Photo by Aymann Ismail

The Snowden Bust: What Art Is For

By Yehudit Mam, April 8, 2015

Anonymous artists placed a huge statue with the (very good) likeness of Edward Snowden at a war memorial in Brooklyn this week. The statue was promptly covered and warehoused by city workers. A real shame, since Edward Snowden is a hero to many.

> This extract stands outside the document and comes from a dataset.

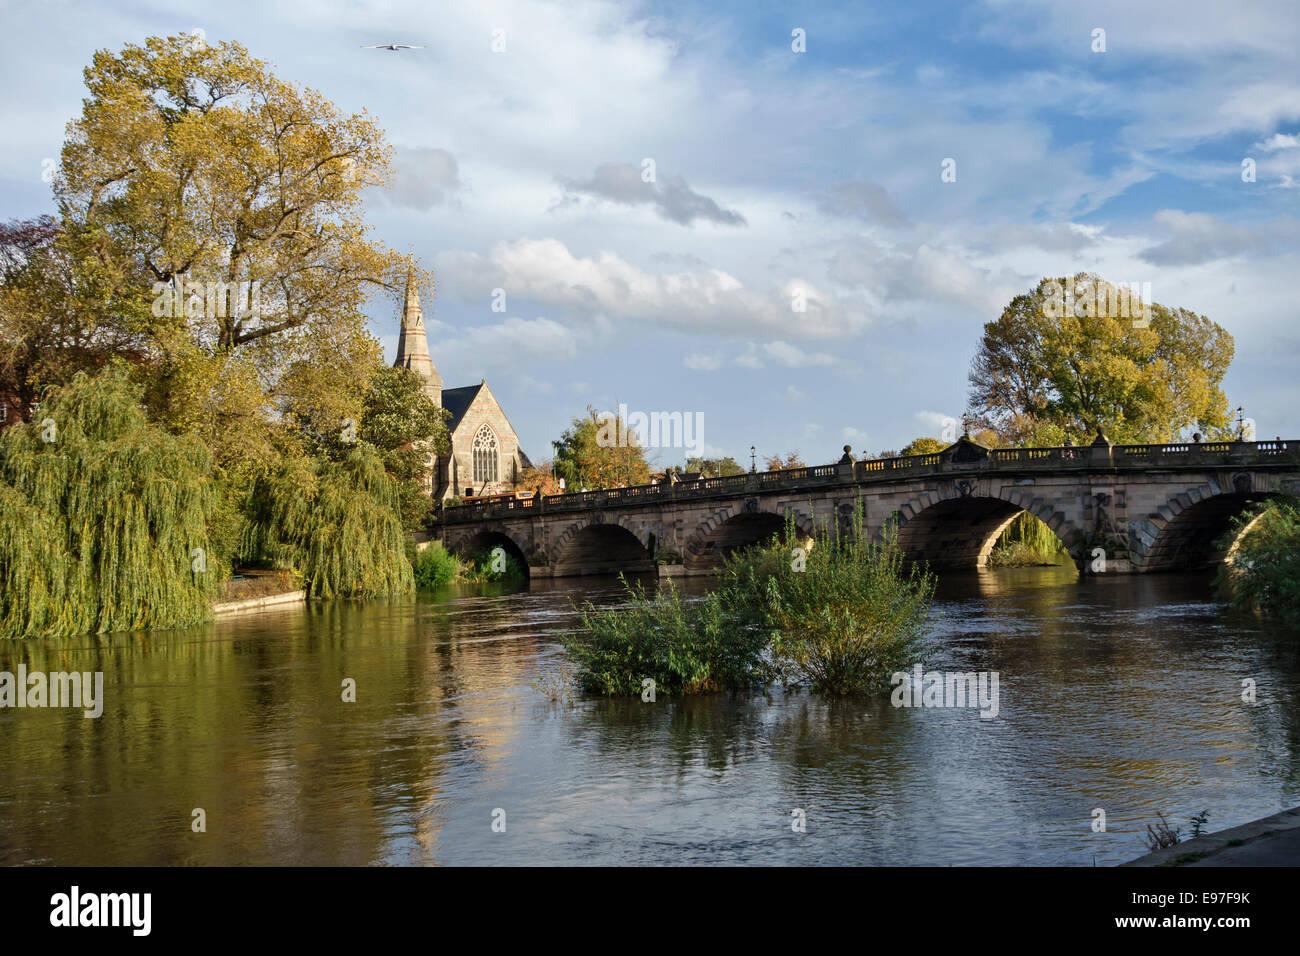 English Bridge over the River Severn, Shrewsbury, Shropshire, UK. The United Reformed Church (URC) is on the left - Stock Image
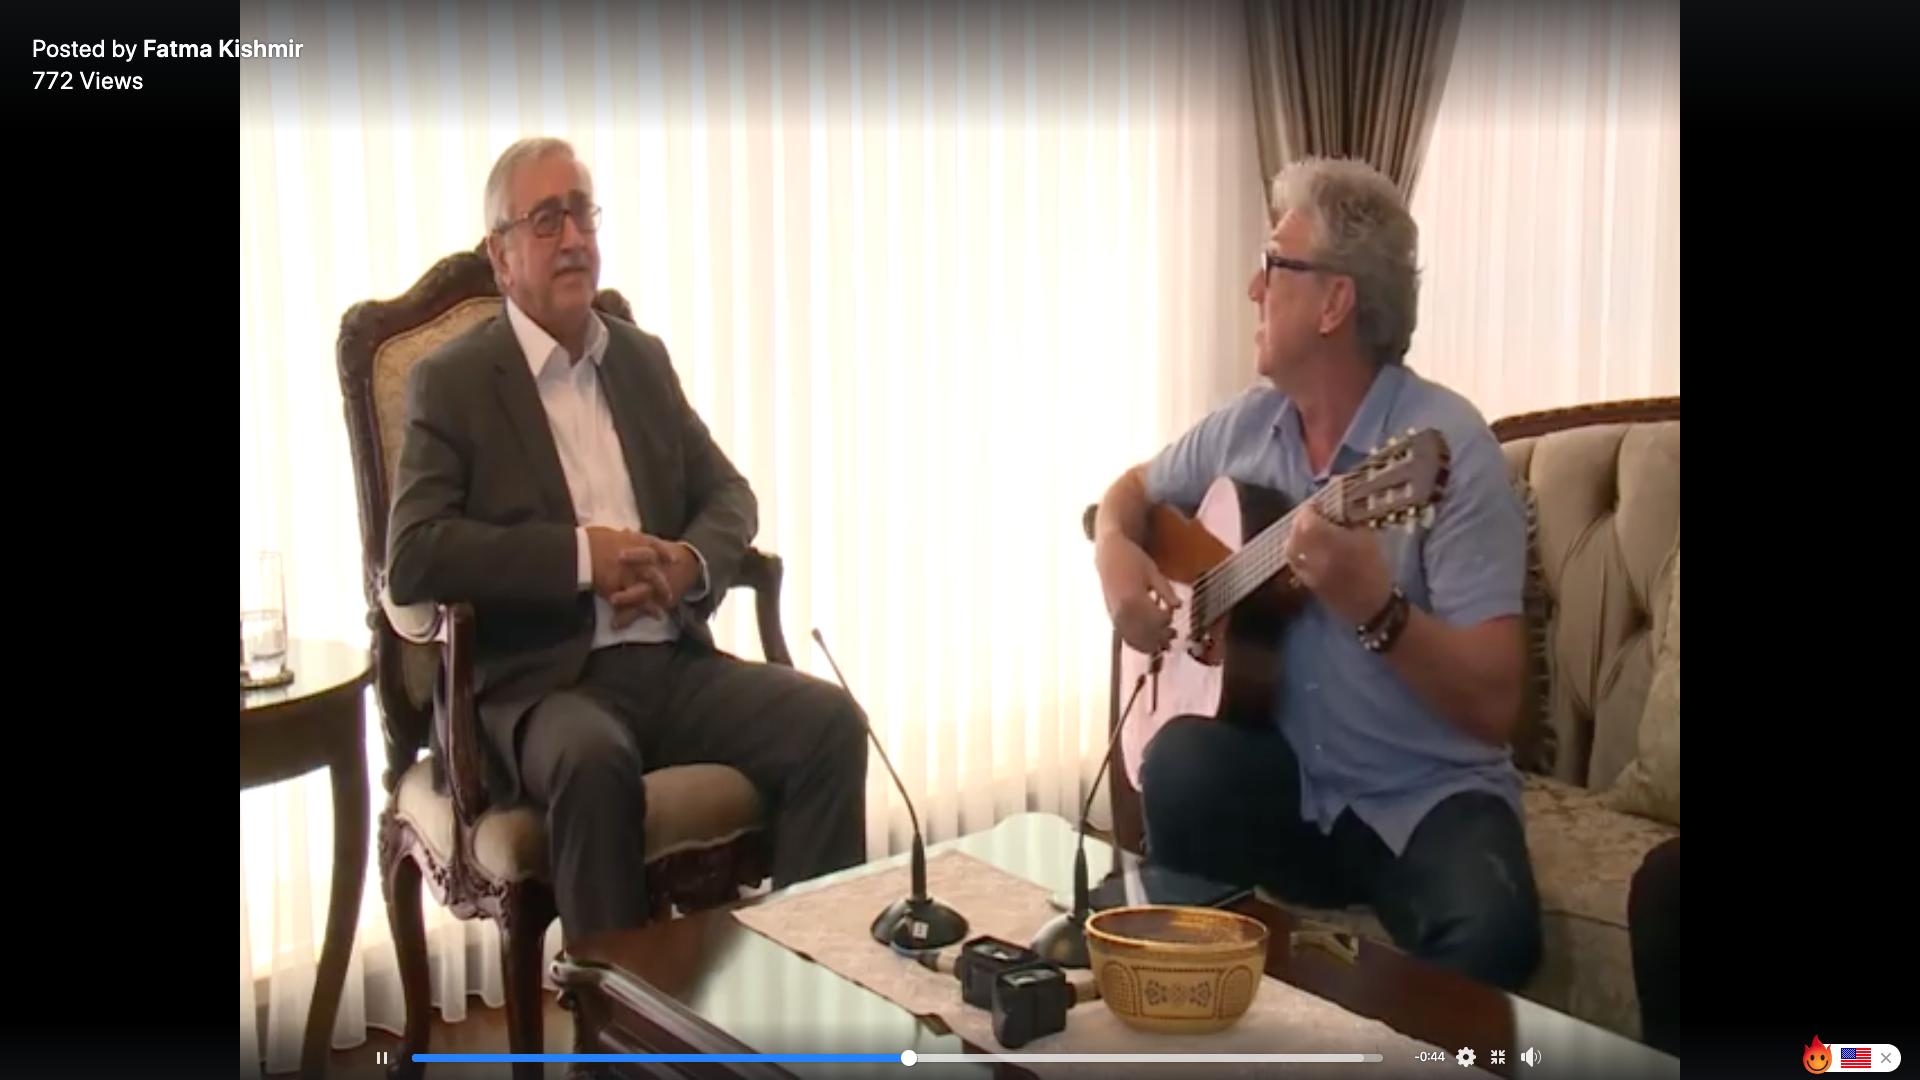 President Akinci sings Mağusa Limanı 6

This is an example of well-executed guerrilla art. It incites debate, calling into question who gets to be named a hero and by whom.  And what is the true purpose of immortalizing people in monuments. A statement from the artists reads:

Fort Greene’s Prison Ship Martyrs Monument is a memorial to American POWs who lost their lives during the Revolutionary War. We have updated this monument to highlight those who sacrifice their safety in the fight against modern-day tyrannies. It would be a dishonor to those memorialized here to not laud those who protect the ideals they fought for, as Edward Snowden has by bringing the NSA’s 4th-Amendment-violating surveillance programs to light. All too often, figures who strive to uphold these ideals have been cast as criminals rather than in bronze. Our goal is to bring a renewed vitality to the space and prompt even more visitors to ponder the sacrifices made for their freedoms. We hope this inspires them to reflect upon the responsibility we all bear to ensure our liberties exist long into the future.


Photo by Aymann Ismail

The bust represents Snowden at his best: thoughtful and heroic, yet a regular Joe. Happily, The Illuminator Art Collective protested the bust of the bust by projecting a likeness of Snowden as a hologram, which is even more fitting to his role as a cybernetic whistleblower, eerily echoing the nebulous fate that has befallen a man who just wanted to let us know that the government was illegally spying on regular, law-abiding citizens.